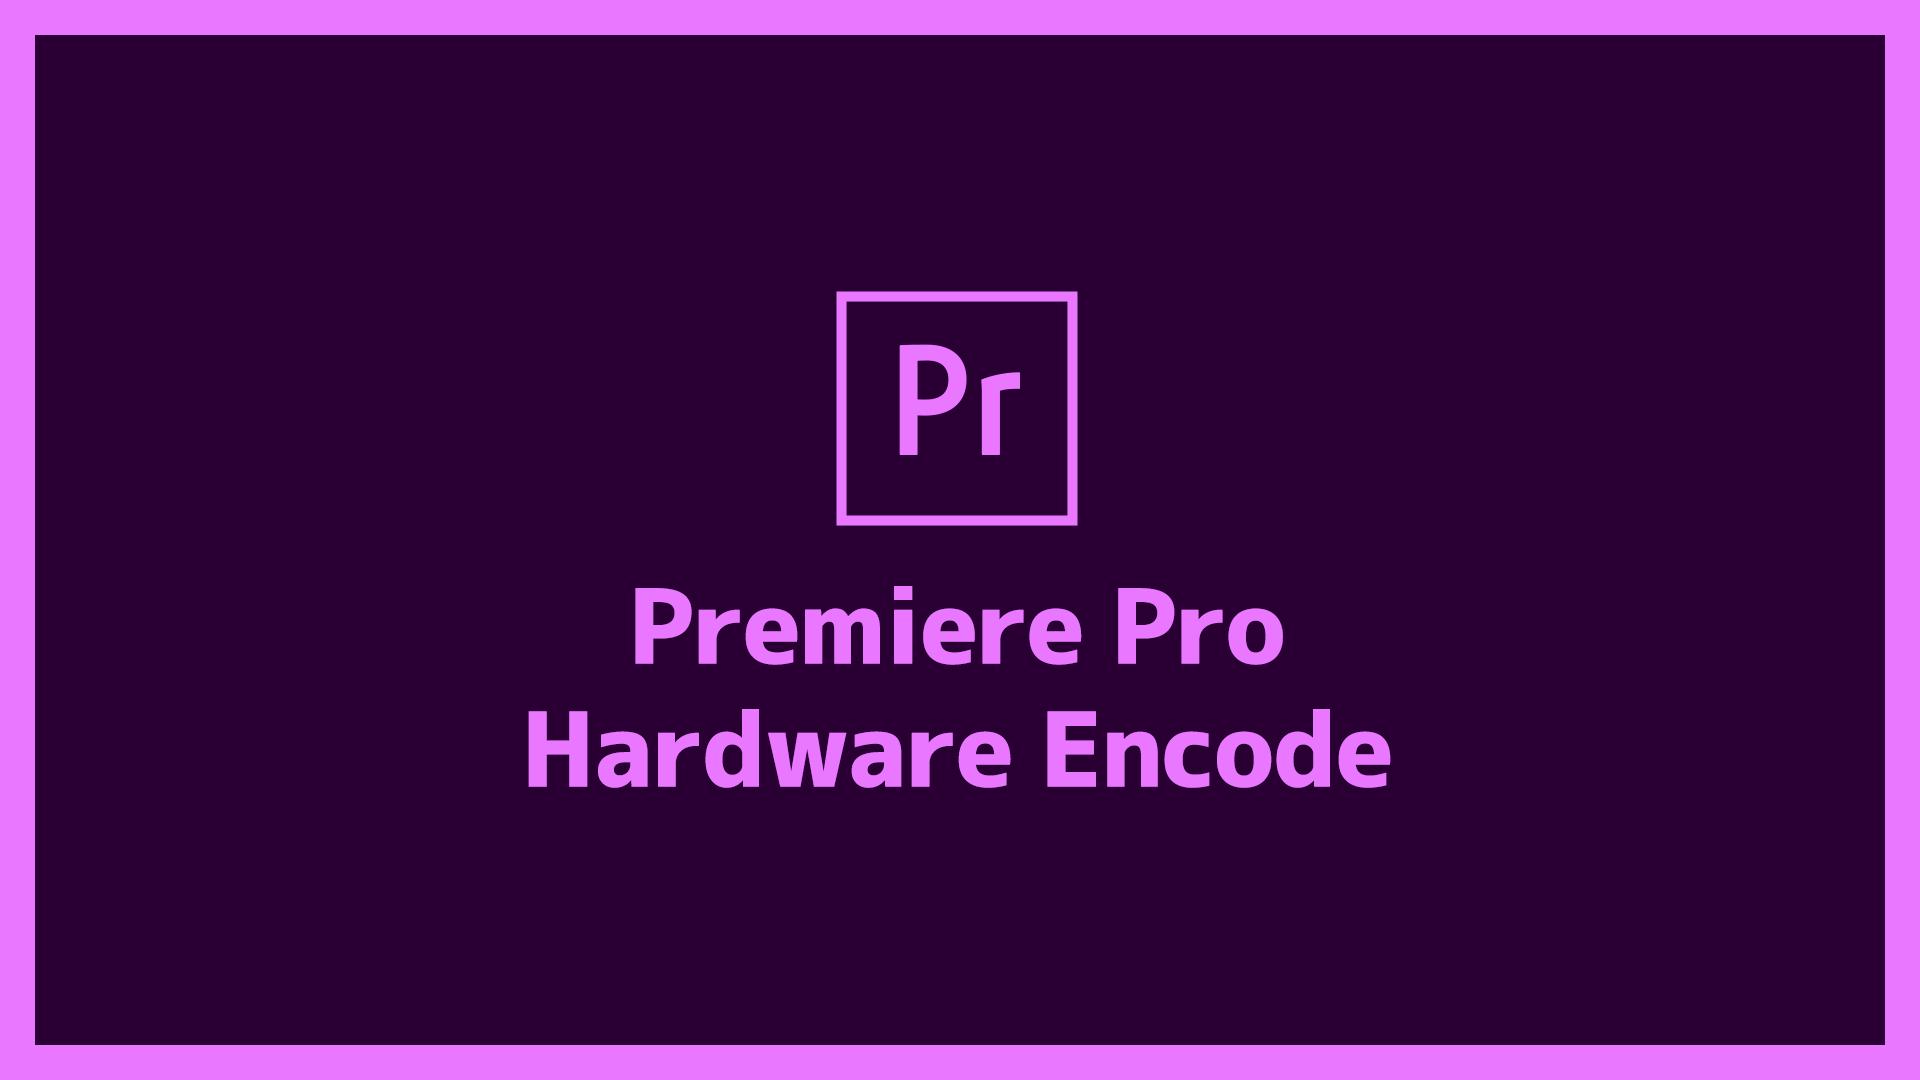 Premiere Proのハードウェアエンコードで動画の書き出し時間が爆速になった
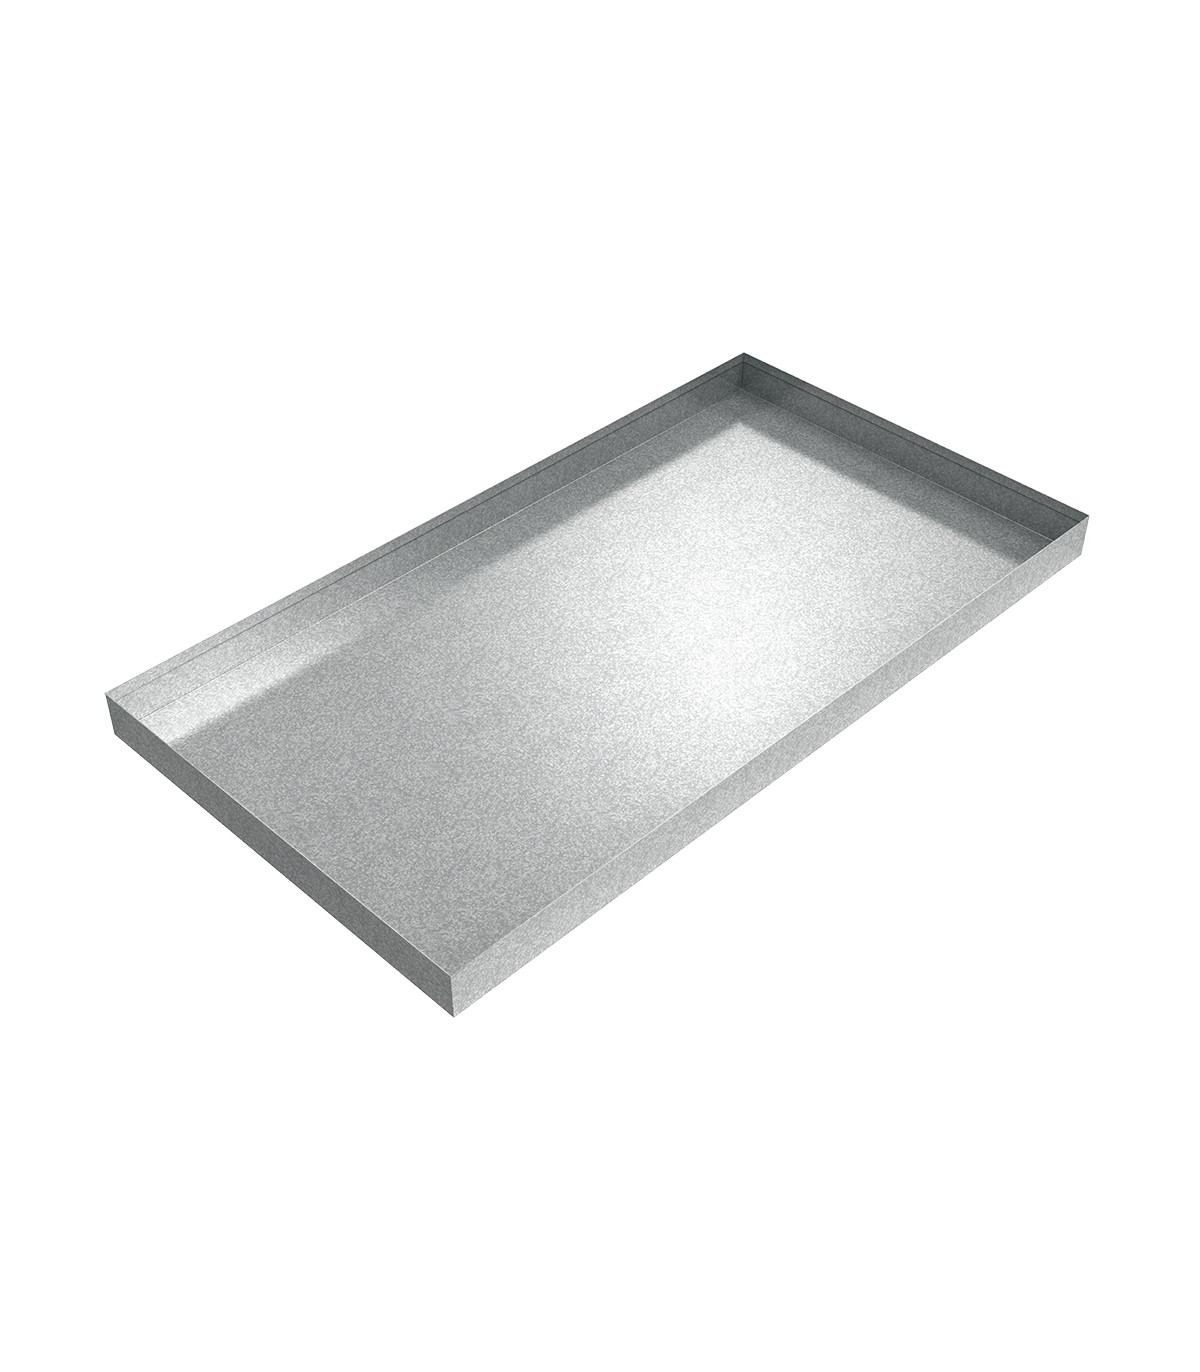 Paint Filter Drip Pan
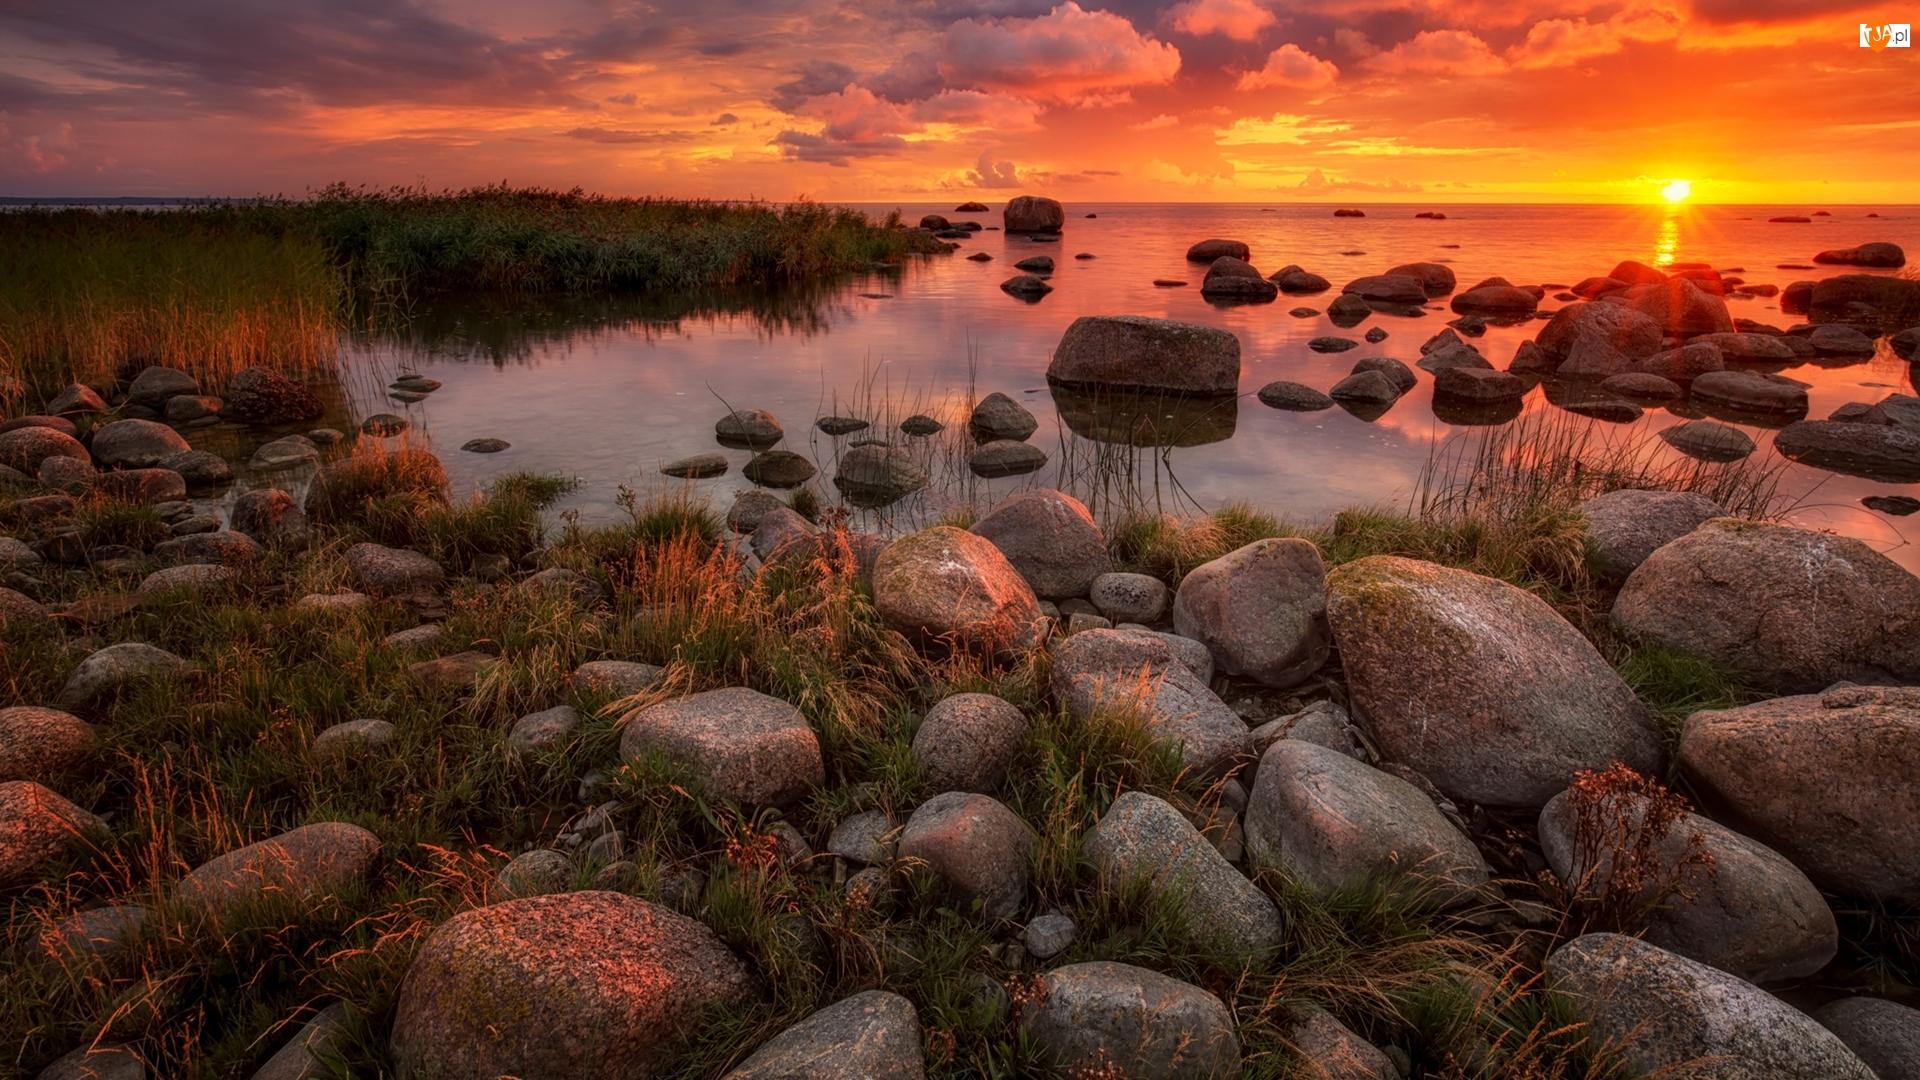 Zachód słońca, Morze, Kamienie, Trawa
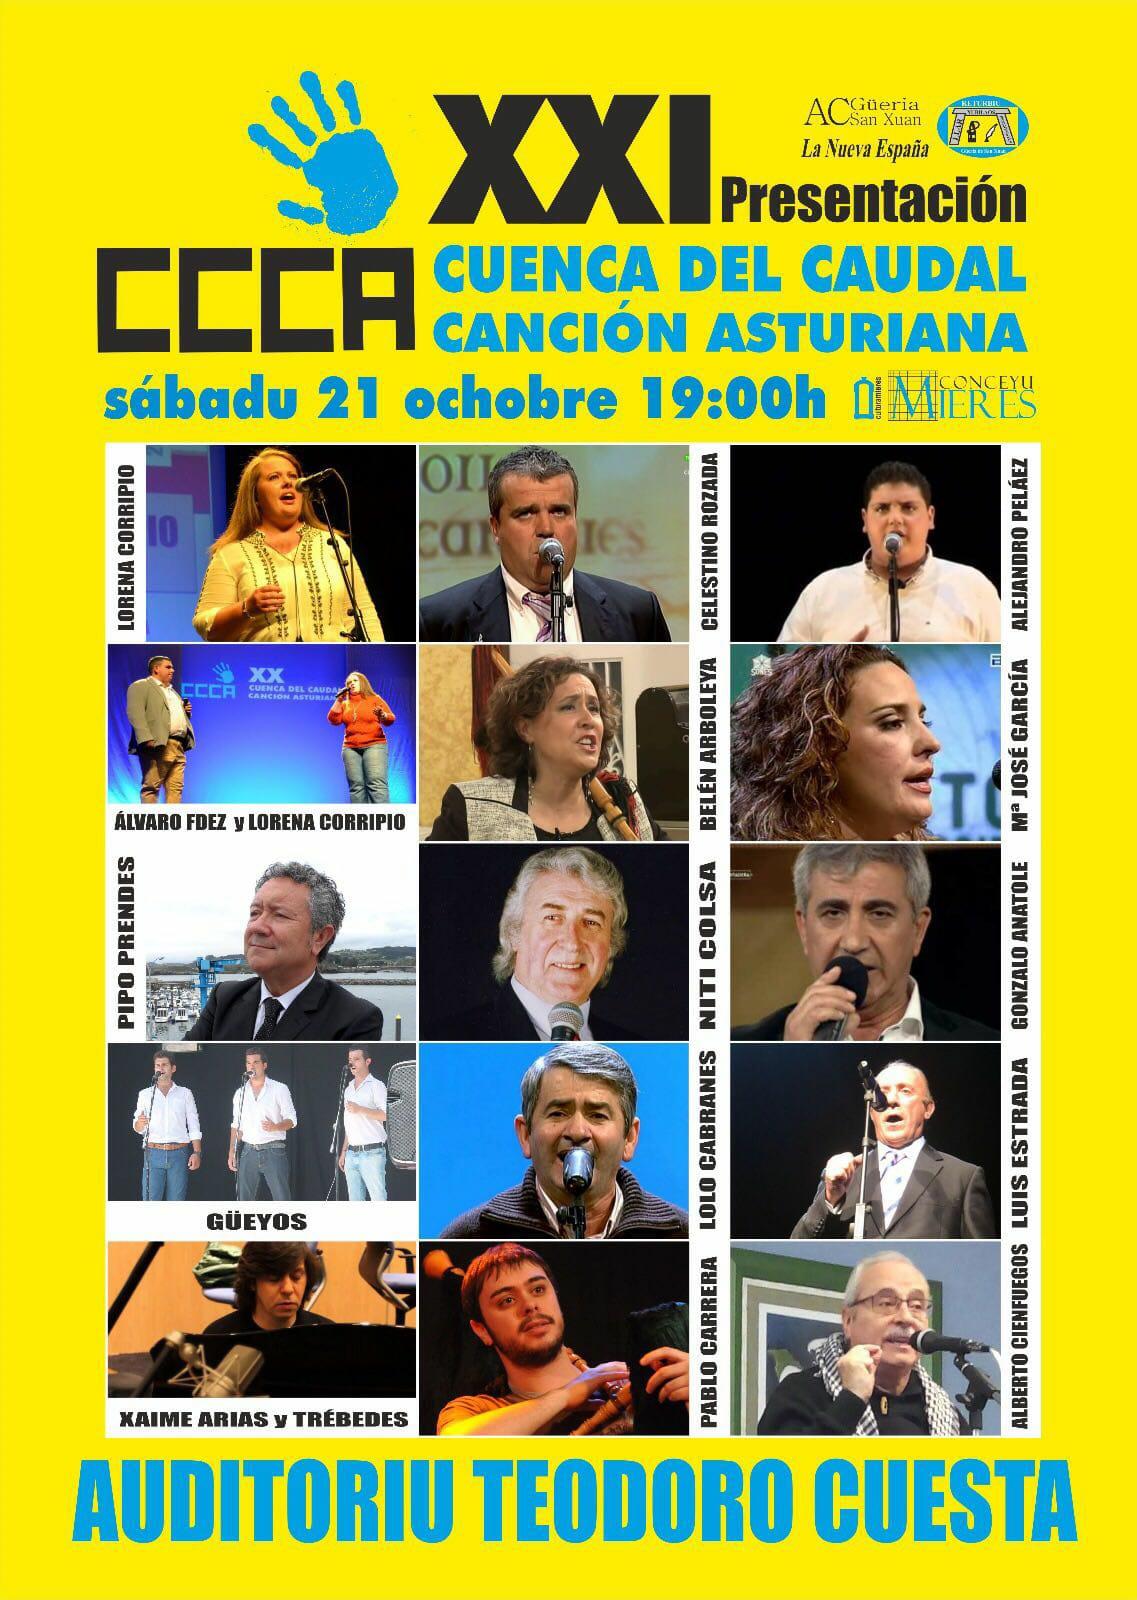 CARTEL GALA PRESENTACION CONCURSU CUENCA CAUDAL 2017

··········

- [EXERCISE BRIEF] Would you return all the data exactly as given, minus the pictures?

- [SOLUTION FOR THIS TASK]
 Premiere Proのハードウェアエンコードで動画の書き出し時間が爆速になった
 Paint Filter Drip Pan
 Zachód słońca, Morze, Kamienie, Trawa
 CARTEL GALA PRESENTACION CONCURSU CUENCA CAUDAL 2017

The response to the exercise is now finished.